- Pitcher
- Born: June 27, 1977 (age 49) Santo Domingo, Dominican Republic
- Batted: RightThrew: Right

MLB debut
- May 8, 1999, for the Boston Red Sox

Last MLB appearance
- May 14, 1999, for the Boston Red Sox

MLB statistics
- Win–loss record: 2–0
- Earned run average: 0.69
- Strikeouts: 15
- Stats at Baseball Reference

Teams
- Boston Red Sox (1999);

Medals
Men's baseball
Representing Dominican Republic
Central American and Caribbean Games
| Gold medal – first place | 2010 Mayagüez | Team |

= Juan Peña (baseball) =

Dominican baseball player (born 1977)

Juan Francisco Peña [peh-nya] (born June 27, 1977) is a Dominican former starting pitcher in Major League Baseball who played briefly for the Boston Red Sox during the season.
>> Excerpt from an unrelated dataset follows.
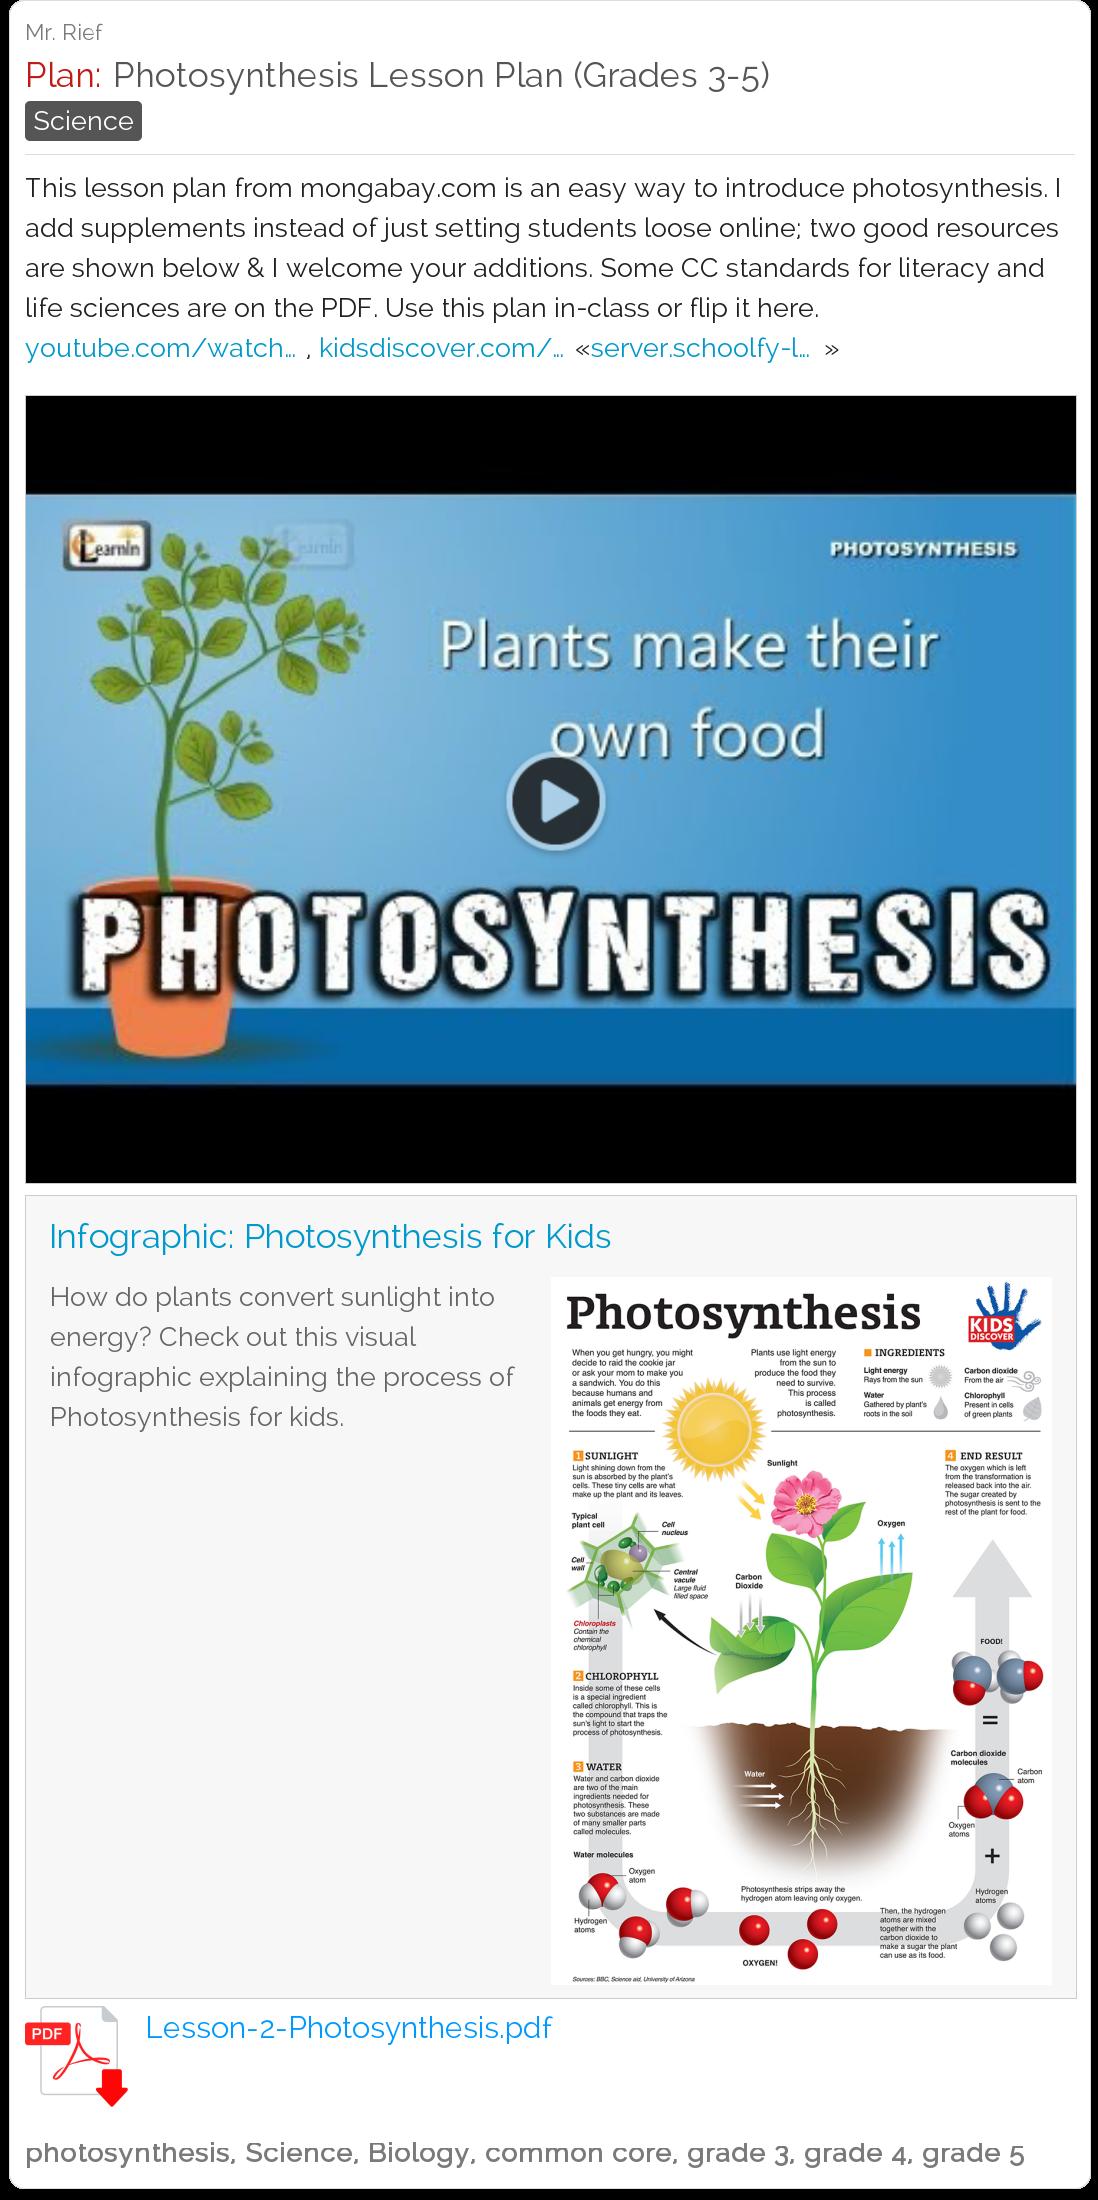 Free Photosynthesis Lesson Plan (Grades 3, 4, 5) Video

Listed at 6' 5", 215 lb., he batted and threw right-handed.

Peña was a promising young pitcher in the Red Sox organization who had his baseball career shortened after suffering a serious injury. He posted a 2-0 record with a 0.69 ERA in two starts, giving up one run on nine hits and three walks while striking out 15 in 13 innings of work.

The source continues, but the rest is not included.